If you're waiting on your permanent Texas driver's license to arrive in the mail and have a flight coming up, the short answer is: it depends — specifically on whether your temporary document is REAL ID-compliant and how the TSA handles it at the checkpoint.
Here's what you need to understand before you get to the airport.
When you apply for or renew a Texas driver's license, the Texas Department of Public Safety (DPS) typically issues a temporary paper document on the spot. This serves as your legal proof of licensure while your permanent card is produced and mailed — a process that generally takes a few weeks.
This temporary license is a printed paper receipt, not a plastic card. It carries your information and is legally valid for driving in Texas during that window. But for air travel, "valid for driving" and "accepted at a TSA checkpoint" are not the same thing.
The REAL ID Act is a federal law that sets minimum security standards for state-issued identification used to access federal facilities and board domestic commercial flights. Since May 7, 2025, TSA has required REAL ID-compliant identification — or another acceptable form of ID — to board federally regulated domestic flights.
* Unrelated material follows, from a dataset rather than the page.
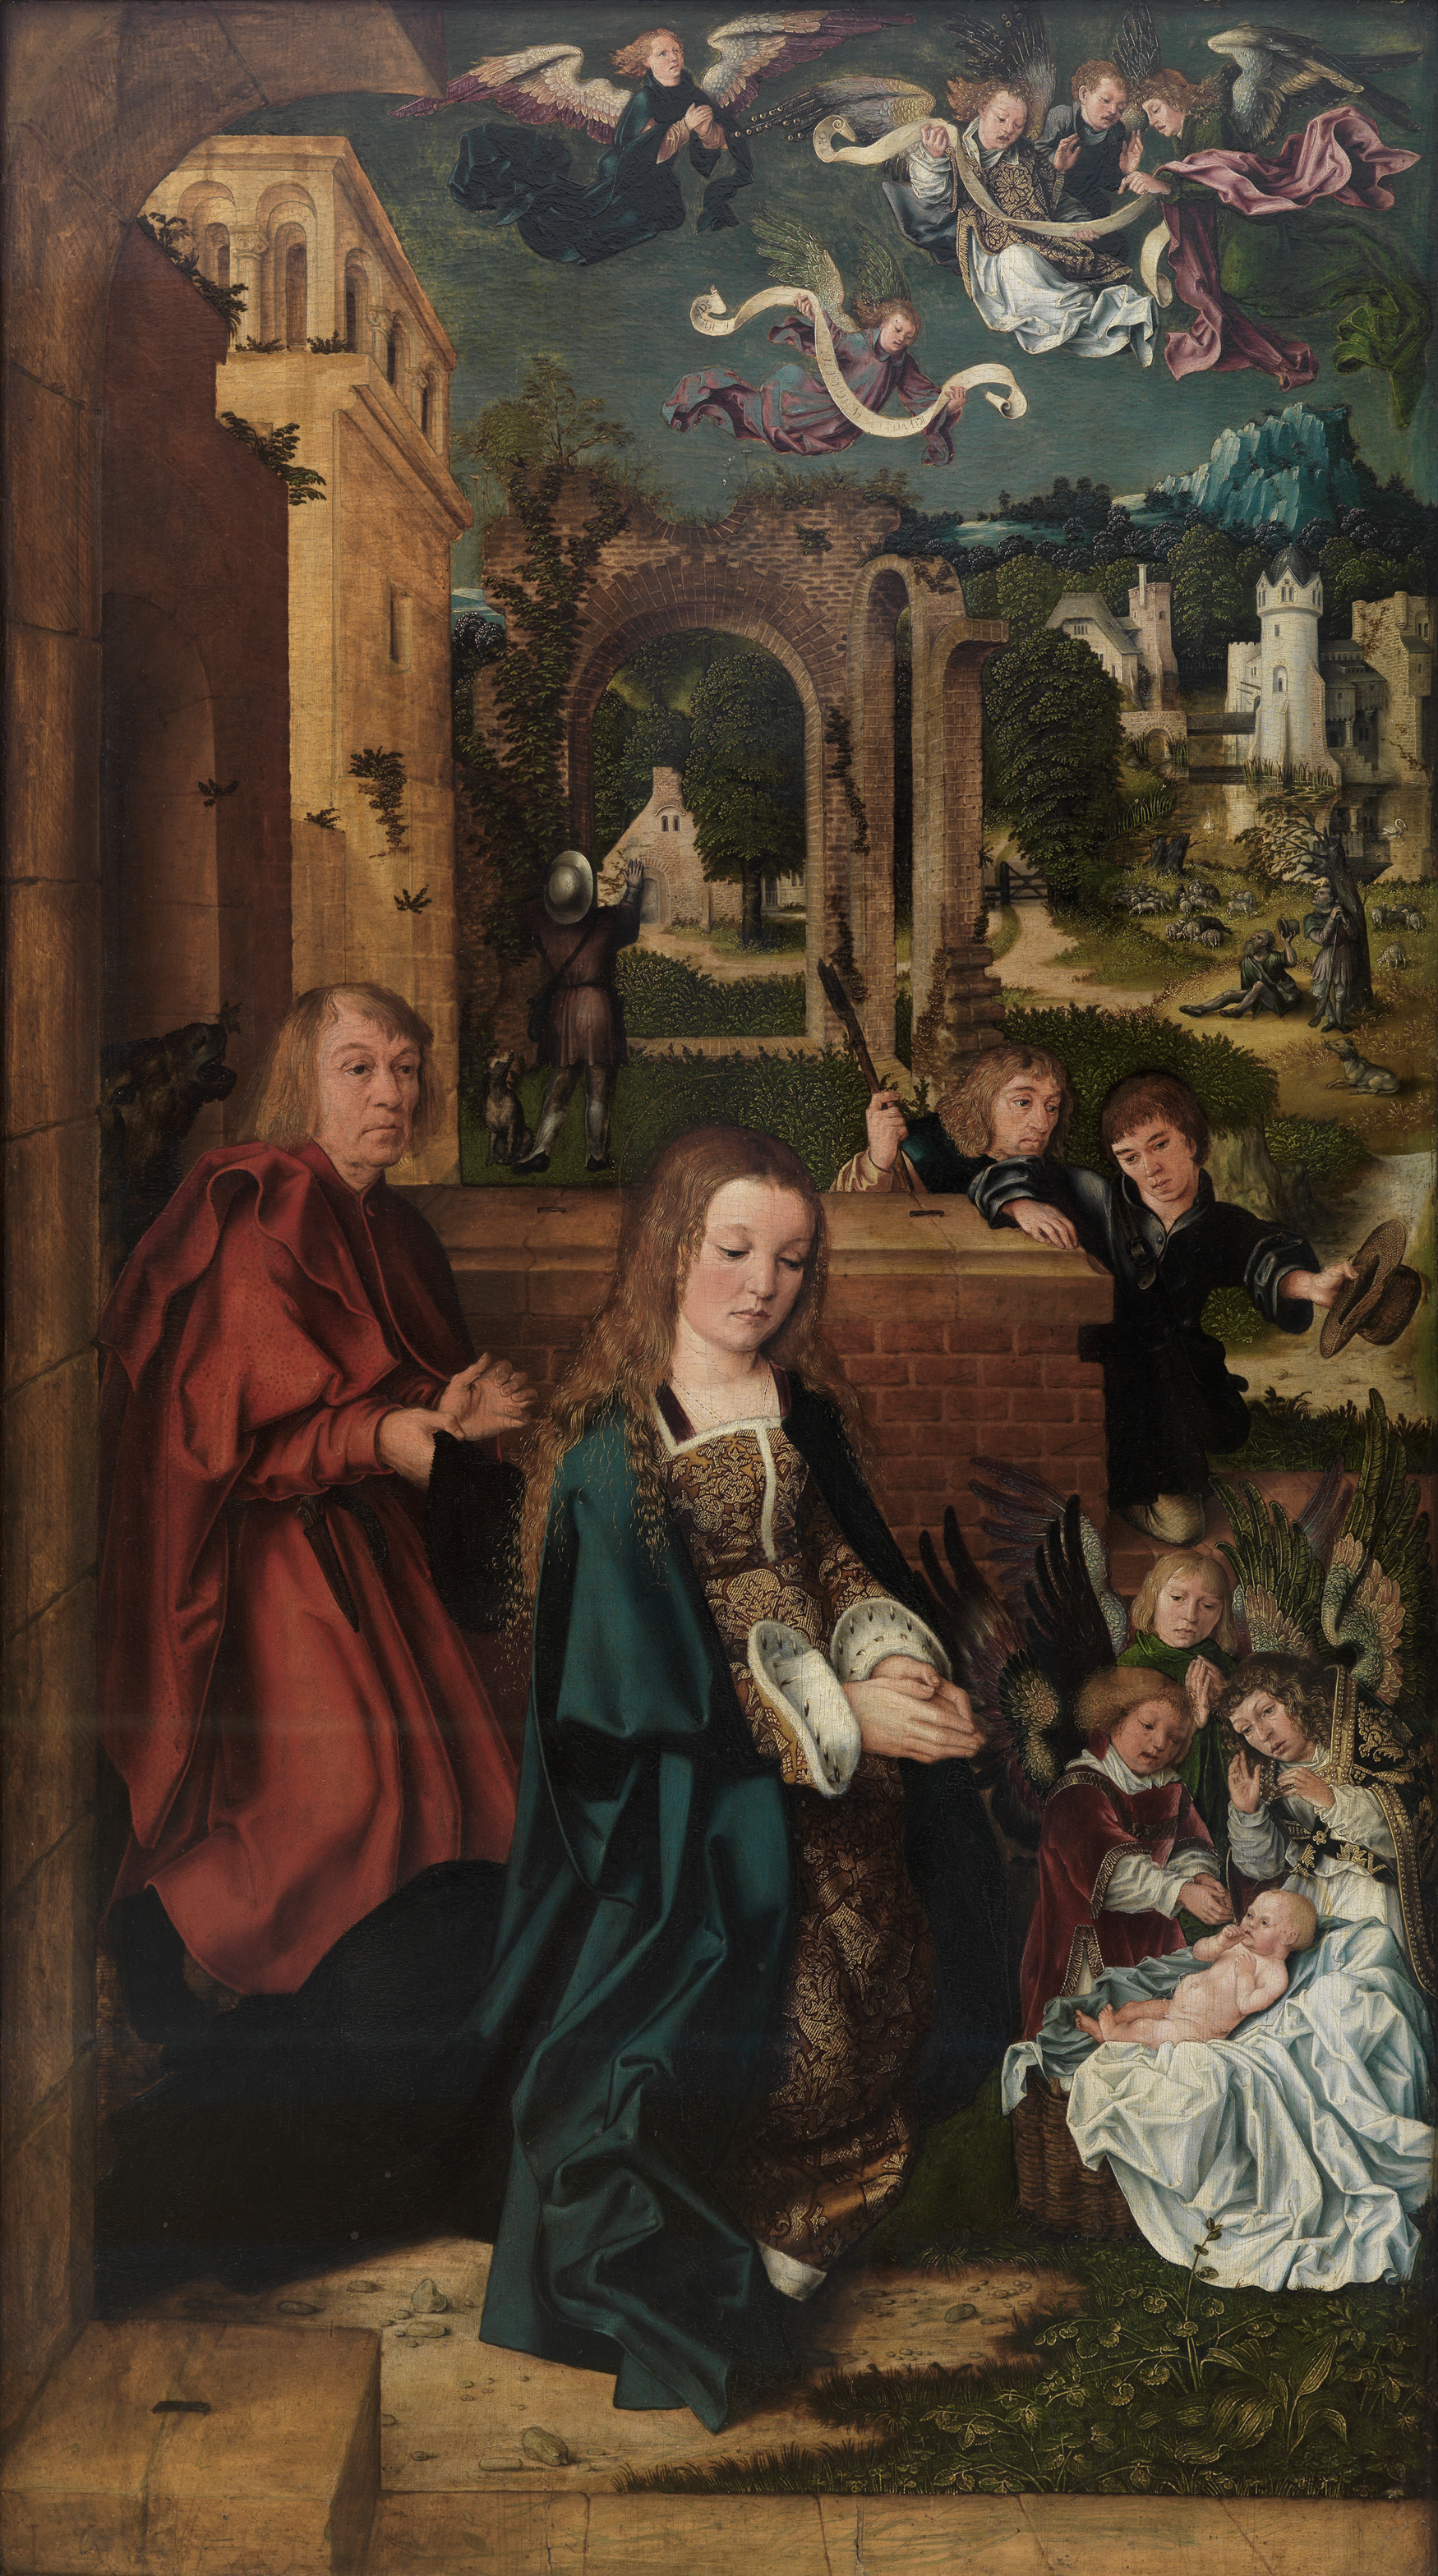 Das Gemälde zeigt die Anbetung des Kindes mit Maria, Jesus, Engeln und weiteren Figuren

A Texas driver's license marked with a gold star in the upper right corner is REAL ID-compliant. The question for travelers with a temporary document is whether that temporary paper license carries the same compliance status.
Texas DPS issues temporary paper licenses as part of the standard issuance process. Whether a temporary license is accepted by TSA as REAL ID-compliant identification is a separate question from whether it's valid for driving.
TSA maintains a list of acceptable identification documents for airport screening. Temporary paper licenses from any state occupy a gray area — they are not plastic cards, they are not universally standardized across states, and TSA officers have discretion in what they accept.
As a general matter, TSA has stated that temporary driver's licenses may be accepted, but this is not a guarantee. Acceptance can vary based on:
| Factor | Why It Matters |
|---|---|
| REAL ID star marking | A temporary license may or may not display the gold star; this affects TSA's assessment |
| Document legibility | Paper documents can be difficult to verify; printing quality and visible security features matter |
| Expiration of the temporary | Temporary licenses have a defined validity window; an expired temporary is not acceptable |
| Secondary ID you carry | Having a passport or passport card resolves the question entirely |
| TSA officer discretion | Officers have authority to accept or escalate; outcomes are not uniform |
If you have a flight scheduled while waiting on your permanent Texas license, you have alternatives that remove any uncertainty:
The point is that a temporary paper license puts the decision in the hands of a TSA officer rather than in yours. Whether that's an acceptable risk depends on your situation, how soon your flight is, and what other documents you have available.
Not all Texas license applicants are in the same position. First-time applicants, people upgrading to a REAL ID for the first time, and those whose licenses were recently renewed after a period of suspension may face different processing timelines before receiving their permanent card.
Texas, like other states, issues temporary documents as a bridge — but the federal government sets the rules for what counts at airport security. Those two systems were not designed with perfect coordination in mind.
Additionally, if your temporary Texas license is a non-REAL ID standard license — meaning you didn't provide the documentation required for the gold star designation — the document's status at a TSA checkpoint becomes even less certain. A non-compliant temporary license has the same airport access limitations as a non-compliant permanent license.
The outcome depends on details that can't be assessed from the outside: whether your temporary document carries REAL ID compliance, how it's printed, when your flight is, and what other identification you carry.
TSA's published list of acceptable identification documents is the authoritative source for what will and won't be accepted at a checkpoint — and that list distinguishes between document types in ways that a general discussion of Texas licensing procedures can't fully capture.
Your temporary document's standing with the TSA is not something Texas DPS determines, and it's not something that can be resolved by checking whether you're legally allowed to drive.